▶ [Work to be completed]: Using the records below, write out again exactly the lines that begin at the line containing "Toiletbril Cedo Jungle" and end at the line containing "dome pendant lamp", and no other lines.

▶ [Input]:

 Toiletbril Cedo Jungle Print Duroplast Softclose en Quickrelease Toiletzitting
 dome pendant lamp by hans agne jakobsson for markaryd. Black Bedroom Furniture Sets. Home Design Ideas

==

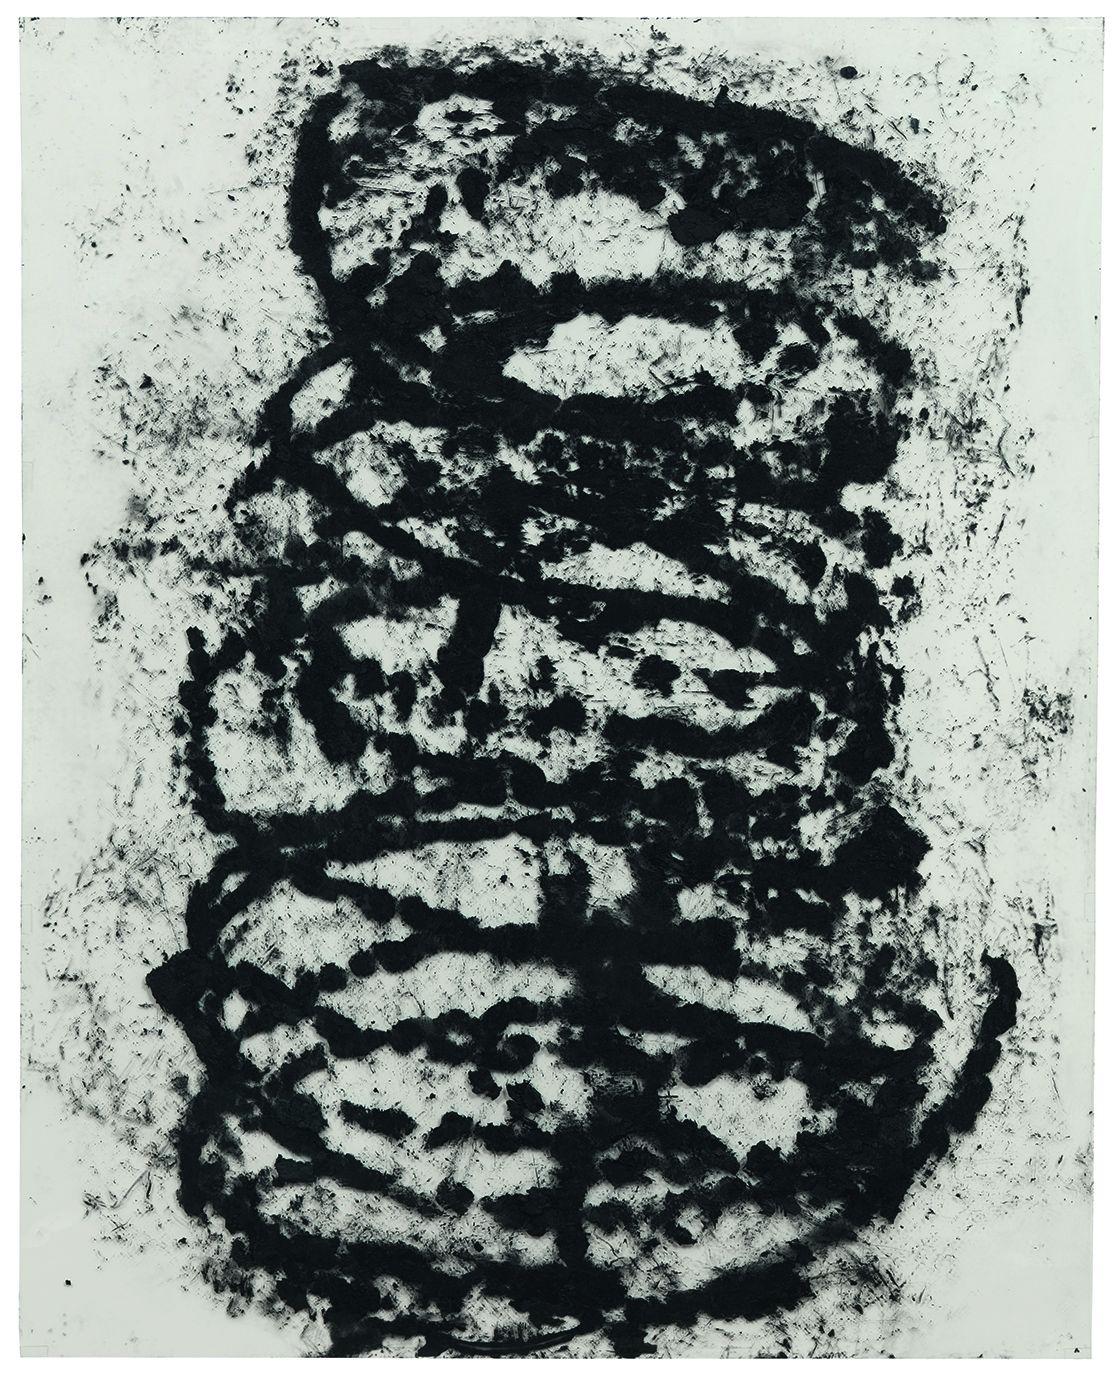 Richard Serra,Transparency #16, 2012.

▶ [Result below]:
 Toiletbril Cedo Jungle Print Duroplast Softclose en Quickrelease Toiletzitting
 dome pendant lamp by hans agne jakobsson for markaryd. Black Bedroom Furniture Sets. Home Design Ideas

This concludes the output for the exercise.